The biggest targets were non-subscriber homes, which were conveniently painted in drab grays and blacks. The game awarded bonus points for breaking windows in these homes, as well as knocking over their front yard tombstones (don’t ask). Sometimes, the non-subscribers would even sign up for future service (possibly just to keep that little punk from breaking all their stuff). But you had to pick your targets carefully… If you knocked out a window in a subscriber’s home, they’d cancel delivery, and soon our little paperboy would be out of a job.
There were plenty of other people and objects to throw at as well—cars, kids on bikes and Big Wheels, brawling men, trash cans, even the Grim Reaper himself—but many of these struck back. The paperboy’s route also took him across a busy intersection, where danger traveled well above the residential speed limit. Newspaper supplies were also limited, so Paperboy had to keep an eye out for extra bundles sitting at the side of the road.
At the end of the street was a fancy BMX dirt track, where the paperboy could hone his skills by throwing at bull’s eye targets while catching air on handy ramps. The day ended with a tally of Paperboy’s score, based on his successful deliveries and breakage bonuses. Paperboy even got his name in the morning paper, but the lad remained a humble hero, starting the next day the same as any other—delivering papers. Of course, in the early days of the game it was also possible to take advantage of a programming glitch that allowed Paperboy to veer off at the end of the dirt track and continue riding through a bizzaro version of the town. If you made it through the town unscathed, you were given an endless number of extra lives. In later years, the glitch was fixed.

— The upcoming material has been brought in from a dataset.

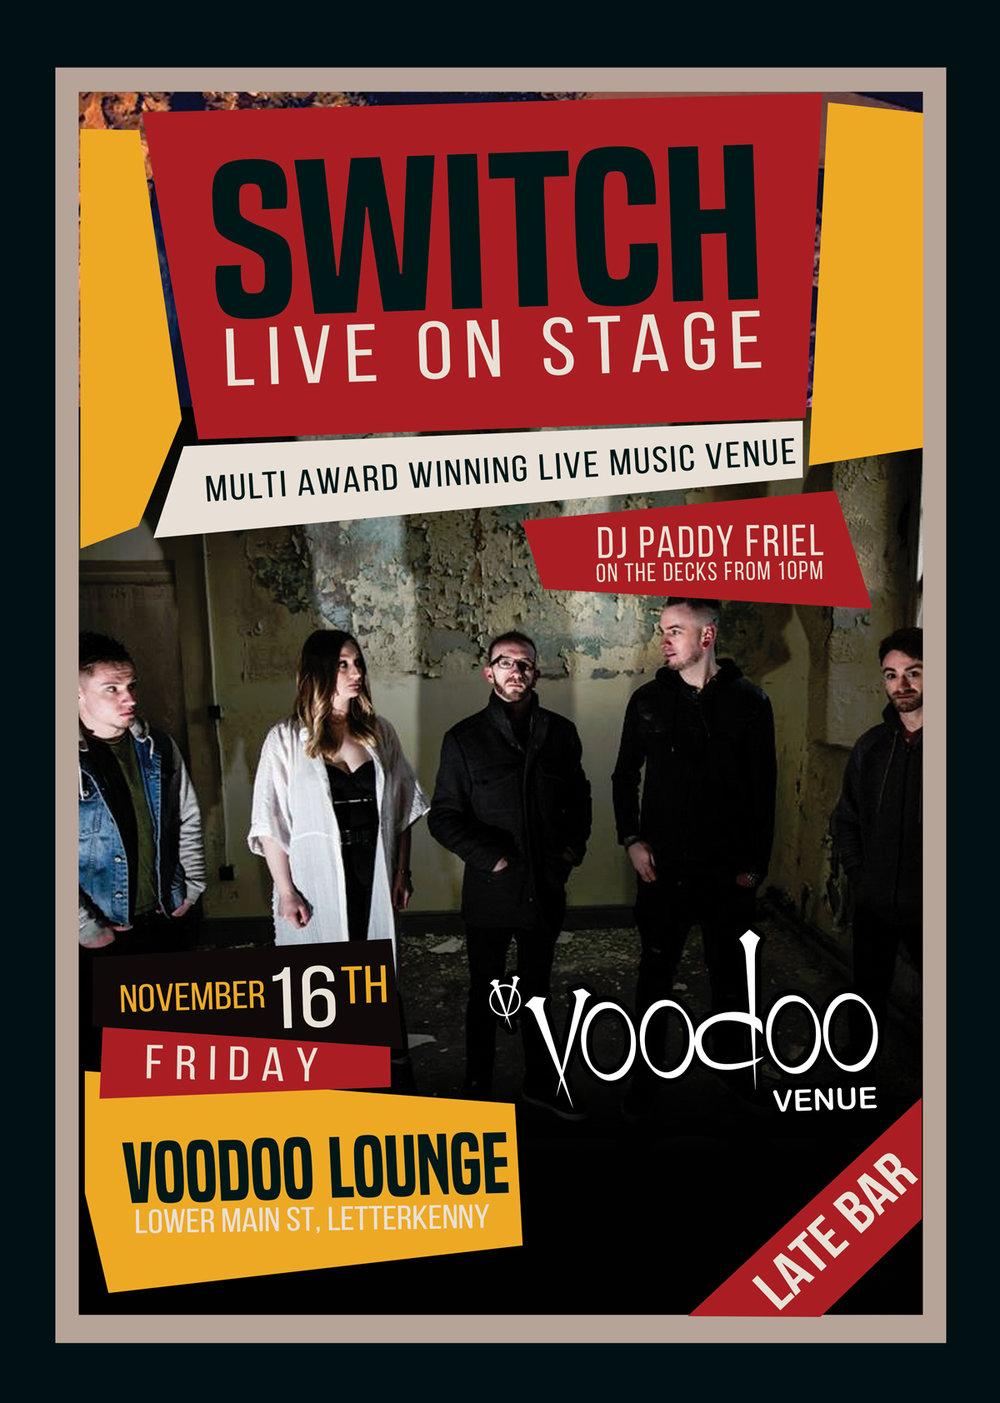 VOODOO-VENUE---switch-fri-nov-16-2018.jpg
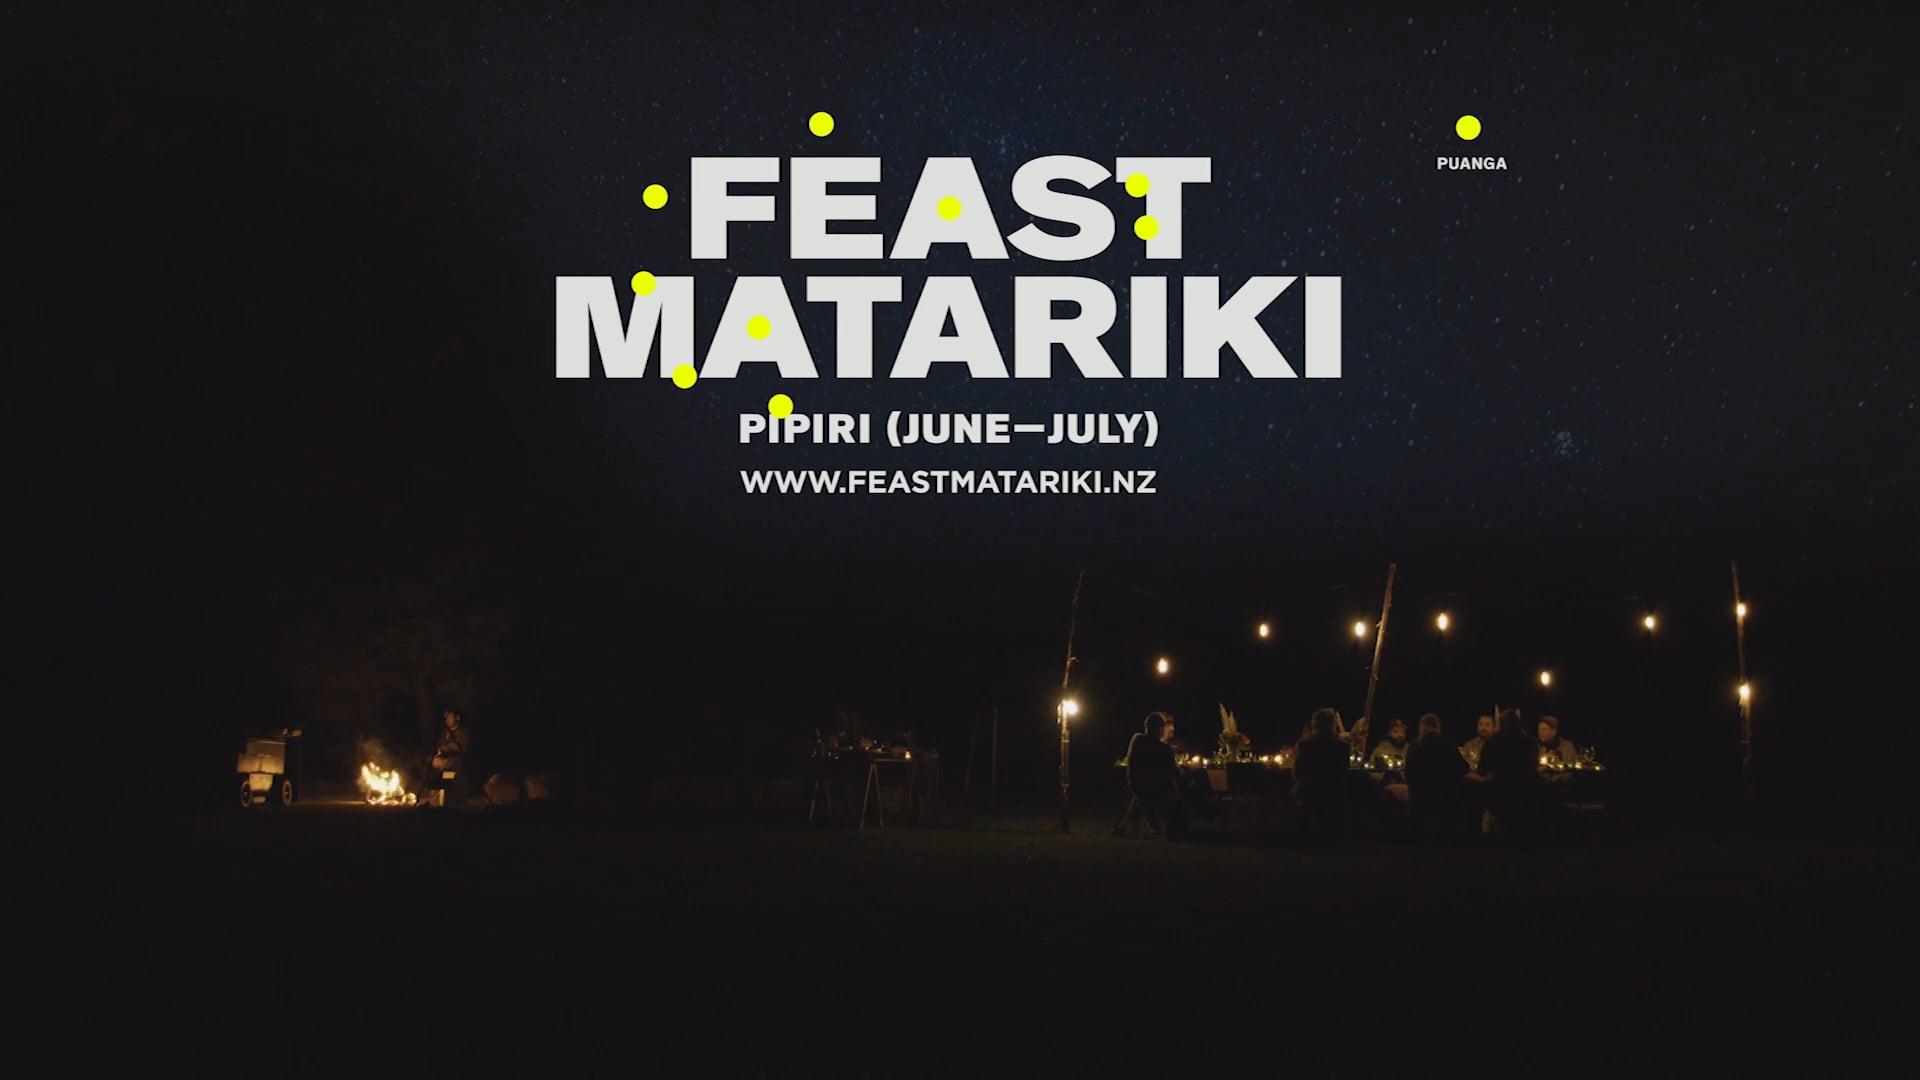 Feast Matariki New Zealand.

Paperboy’s clever concept and eye-catching graphics were enough to keep players coming back for more, but the game’s unique controls were usually what got them to try it out in the first place. Players gripped actual handlebars to control the bike, pushing forward to accelerate and pulling back to brake. If they tried to go too slowly, however, a swarm of bees chased them down (Atari used a similar gimmick in their 1986 skateboarding game, 720º. Somebody at the company must have had a very bad experience with bees as a child).
Paperboy was like a juvenile delinquent’s dream come true. Vandalism was rewarded, and best of all, there were no consequences. That, plus a selectable level system of three separate courses—Easy Street, Middle Road and Hard Way—helped make Paperboy a favorite game of many, and a welcome escape for real-life paperboys and papergirls everywhere.